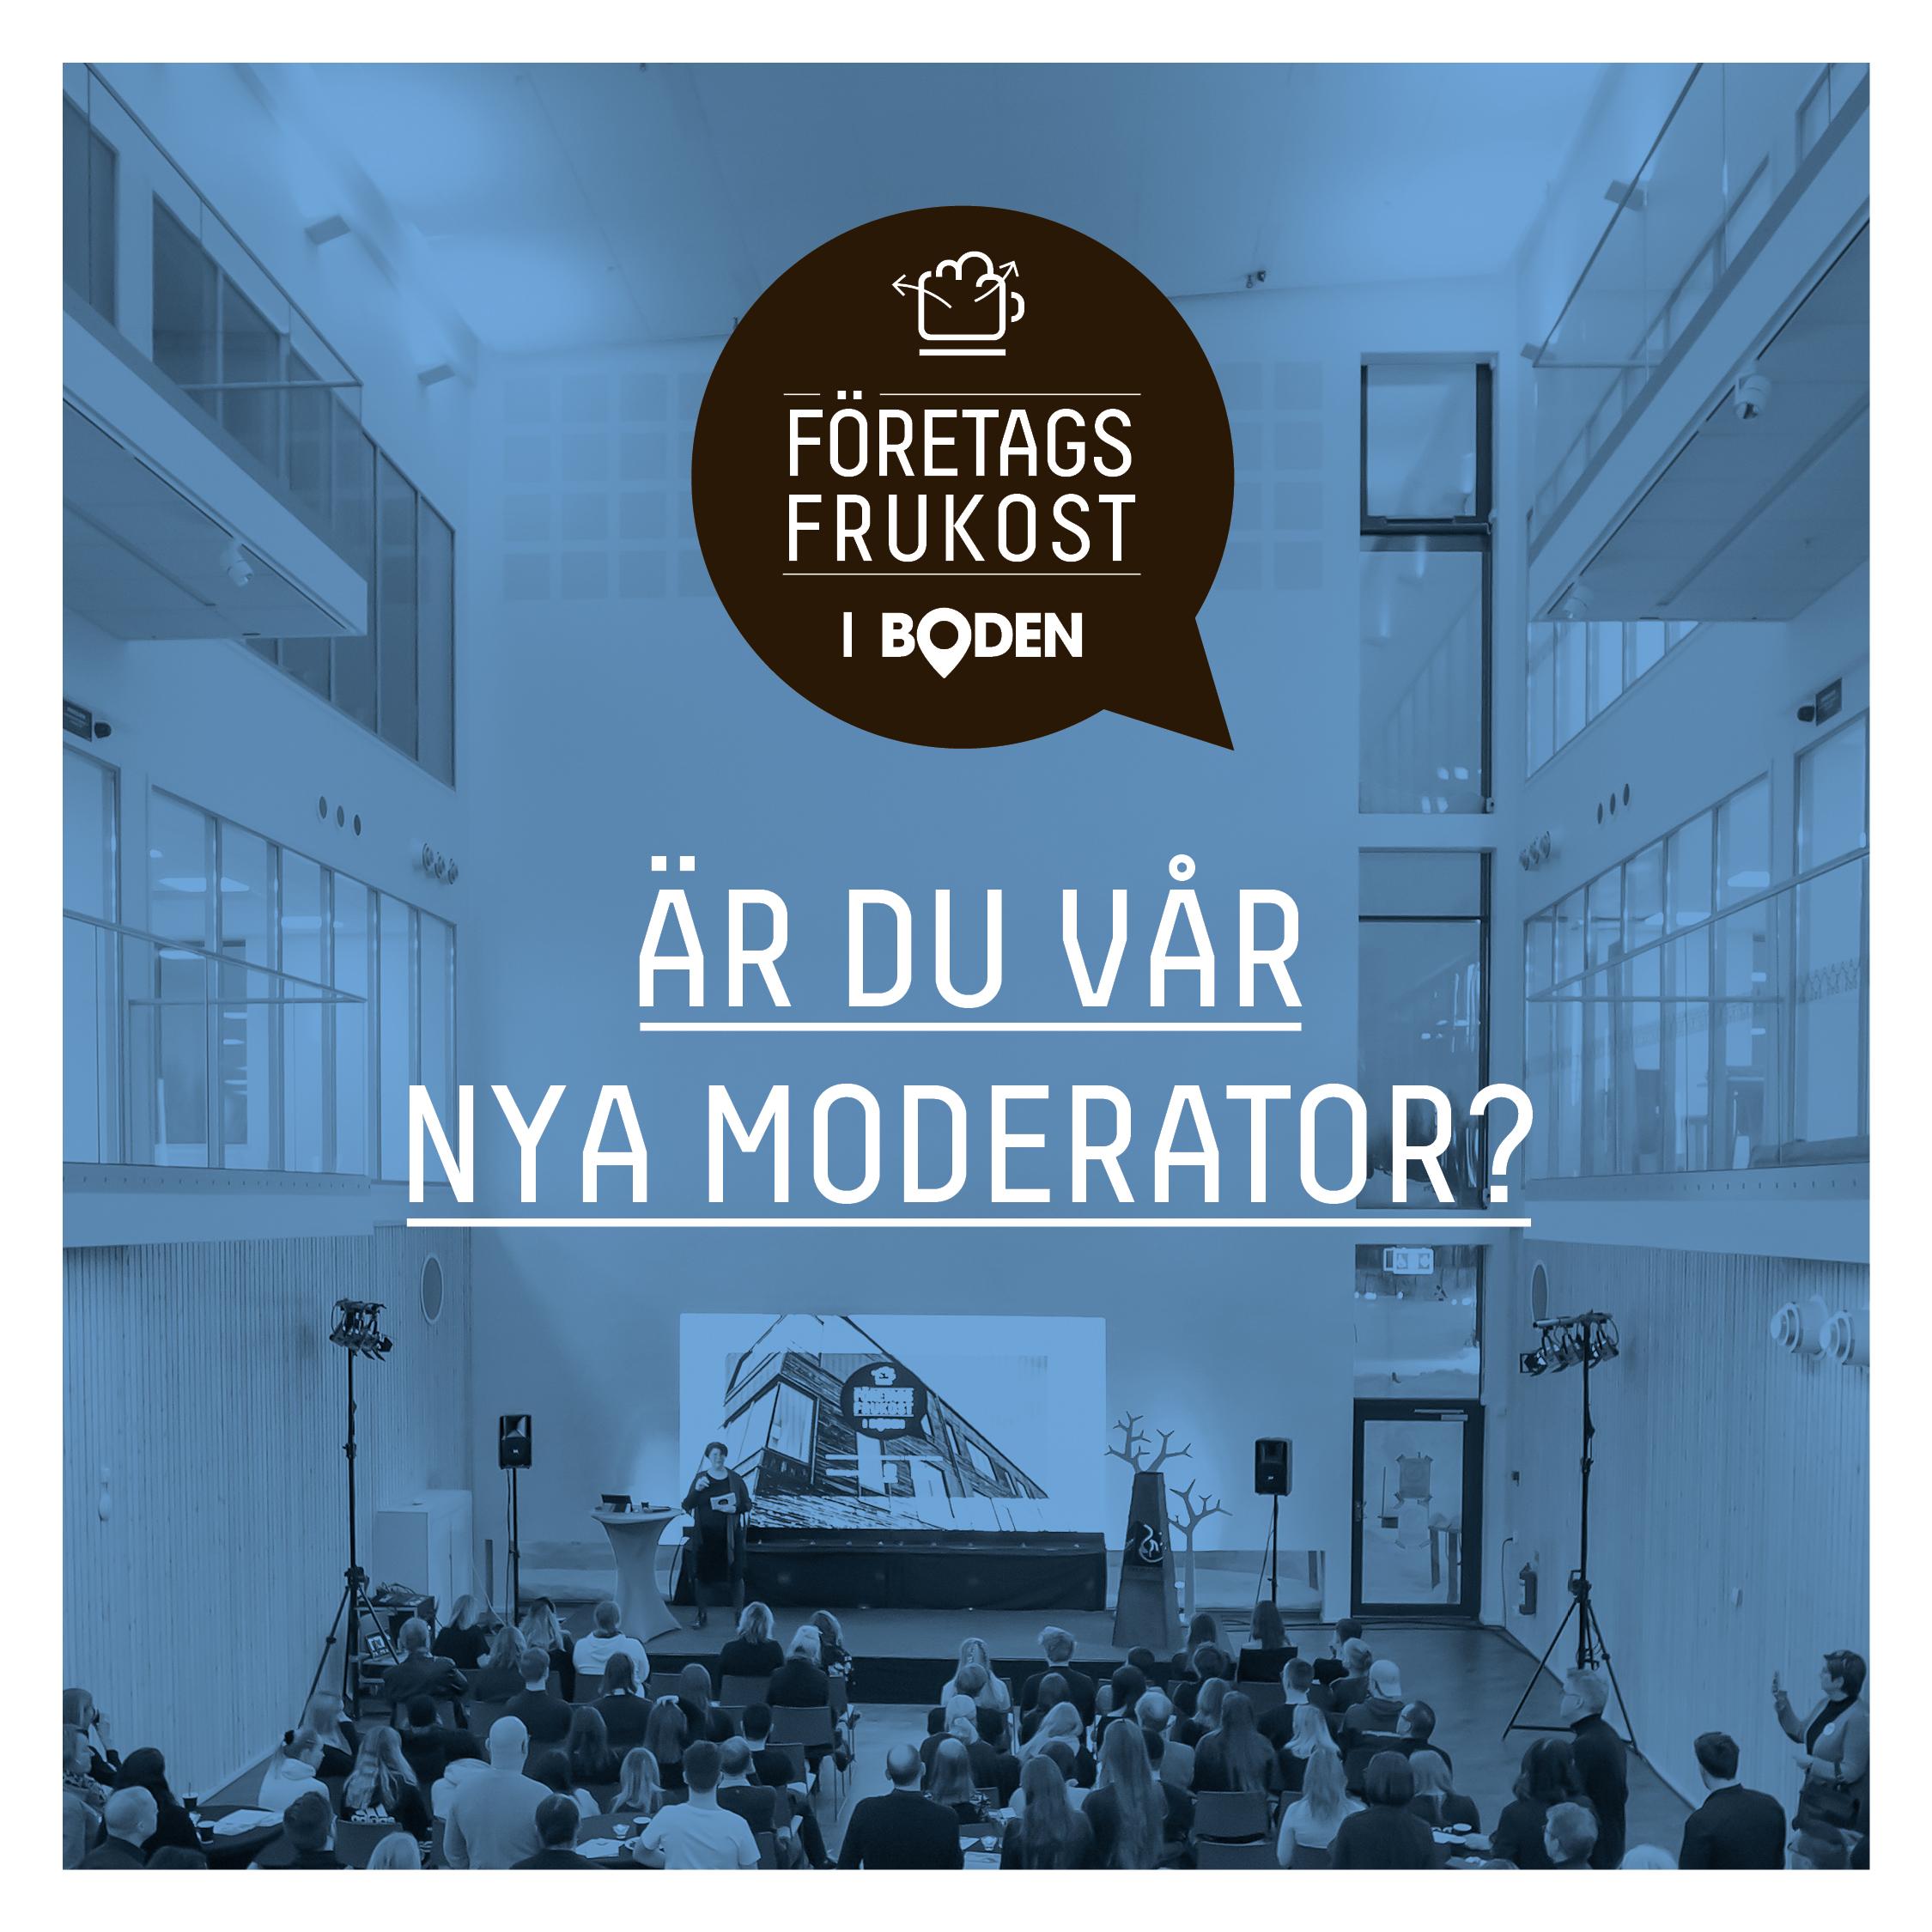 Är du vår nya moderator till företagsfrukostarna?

▬▬▬

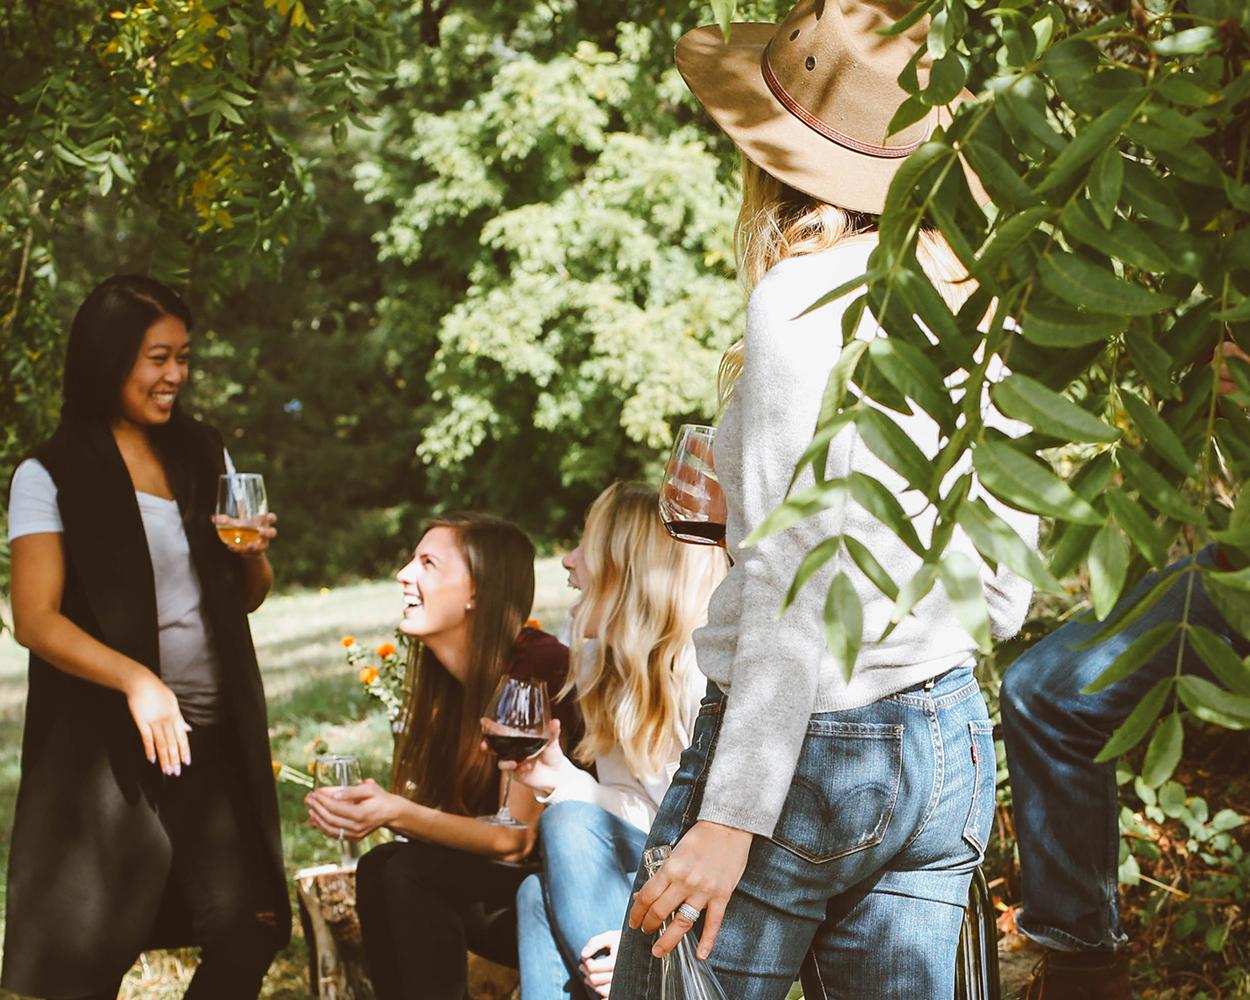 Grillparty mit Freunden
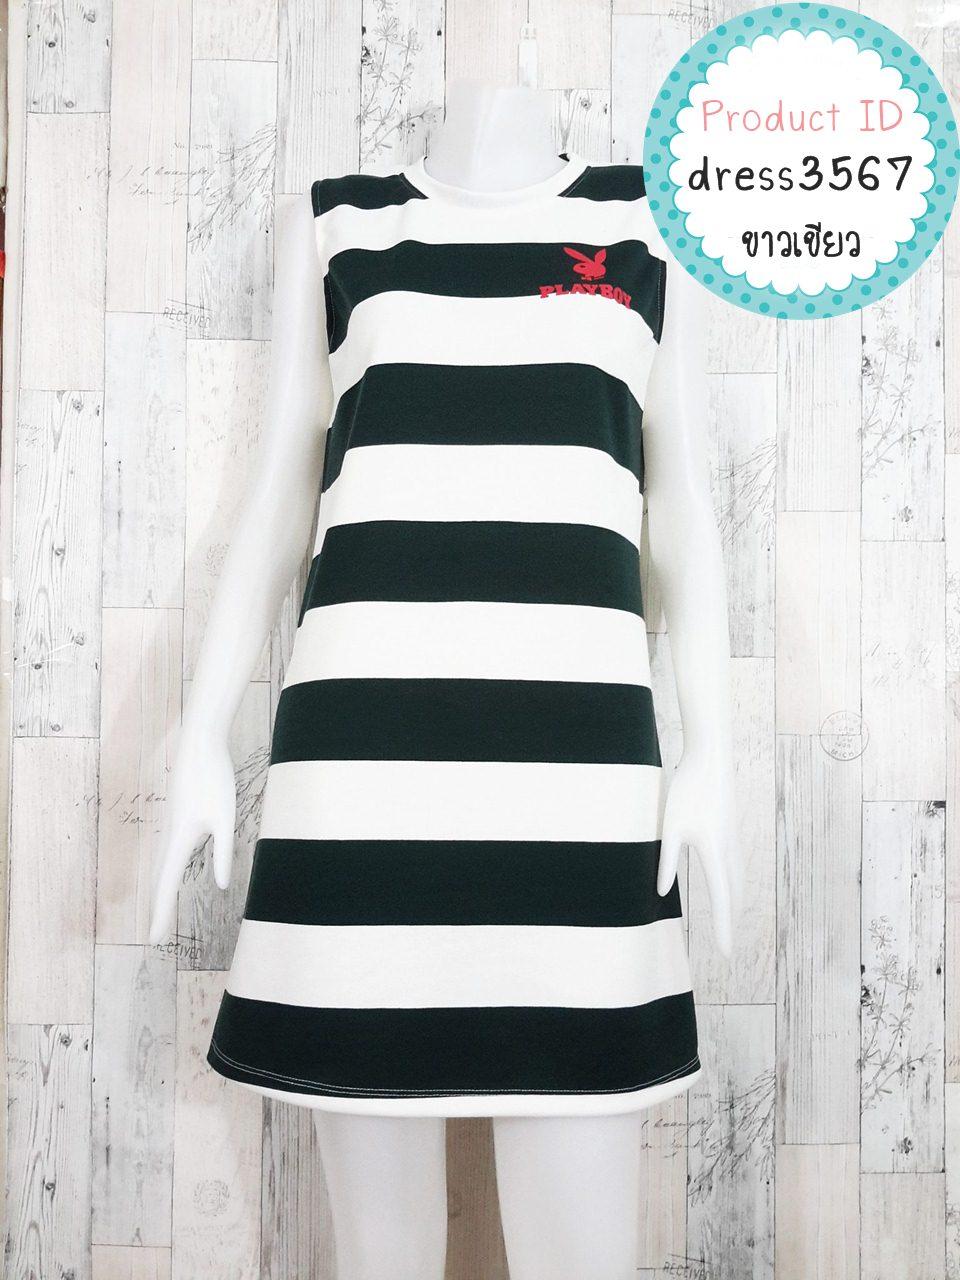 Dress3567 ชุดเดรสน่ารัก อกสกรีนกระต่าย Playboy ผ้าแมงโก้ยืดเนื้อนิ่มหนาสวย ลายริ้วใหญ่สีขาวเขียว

▬▬▬

*REQUIREMENT*.
All that should be printed is the run of lines above from the one with "Grillparty mit Freunden" through the one with "Dress3567 ชุดเดรสน่ารัก อกสกรีนกระต่าย", both included, exactly as given, with pictures left out.

*YOUR SOLUTION*.
 Grillparty mit Freunden
 Dress3567 ชุดเดรสน่ารัก อกสกรีนกระต่าย Playboy ผ้าแมงโก้ยืดเนื้อนิ่มหนาสวย ลายริ้วใหญ่สีขาวเขียว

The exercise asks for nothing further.